I just finished a retaining wall, and have a similar idea for a 60 foot fence that you do. I am planning to use the 8x8x16 blocks and fill them with rebar and concrete. The fence is currently wood planks and 6 feet tall but there are noisy neighbors in back and the sound goes right through. Another motivation is that I might be building a block wall home if I move and would like to get the practice in advance.

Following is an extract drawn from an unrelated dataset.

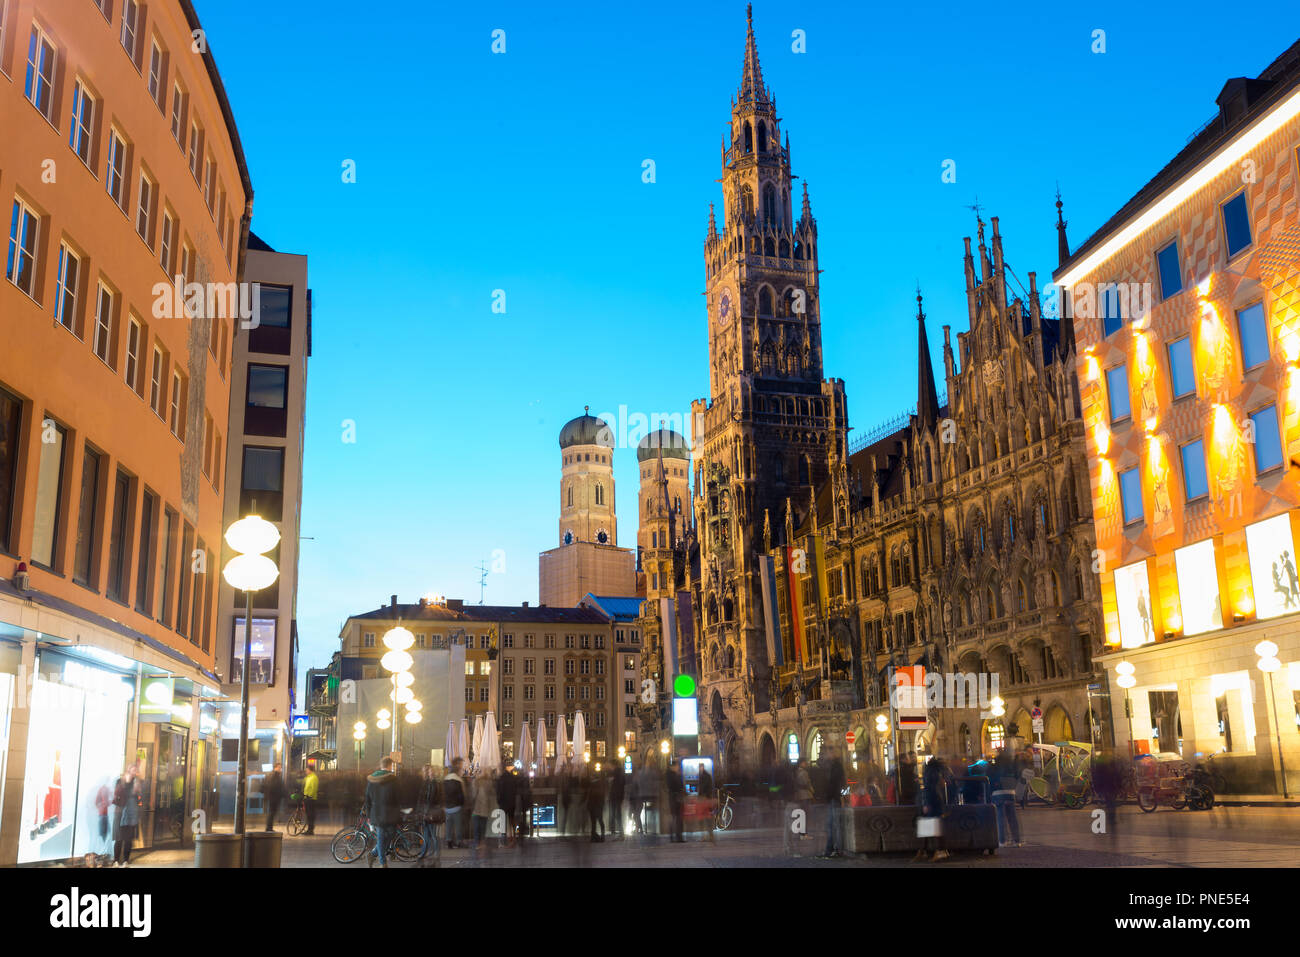 People walking at Marienplatz square and Munich city hall in night in Munich, Germany. Cafes, bars, shops and restaurants. Motion blurred people. Stock Photo

My question is the same as yours. How wide and deep does the foundation need to be and does it need to be concrete with rebar sticking out of it. Is it feasible for me to build the foundation myself or is it better to have someone else pour it and then do the wall on my own. All replies are appreciated.


----------



## joasis (May 28, 2006)

What kind of soil? What is the frost depth? What does your local code say about it? It isn't a black and white question with an answer of 16 inches wide X 24 inches deep will support your wall where you are although that is what we would do here. However, on the East side of town, there is clay and shale, so 24 inches wide would do it. Lots of questions have a "depends" in the answer....


----------



## johnlvs2run (Mar 8, 2006)

Here the soil is clay. The all time low here was 20 degrees. Wow I didn't know it needed to be that deep and wide for a fence. In that case it sounds like I will need 6 to 9 cubic yards of concrete. I don't know what the local code for a fence is but will check.


----------



## d.janvrin (Oct 20, 2006)

Blocks 8' High and 200' long Freestanding ????  WOW 
Thats A Wall (China) You May Want To Call A Contractor Or A Few Good Mason.
At Least Check You Local Code .
Have You Ever Seen Stackable Retaining Wall Blocks Check With Local Concrete Co. There usually Pretty Cheap ( Made from left over concrete Pours etc) they come in many shapes and sizes about 2'X3'X5' They dont require a footing most concrete co. will place them for you !!


----------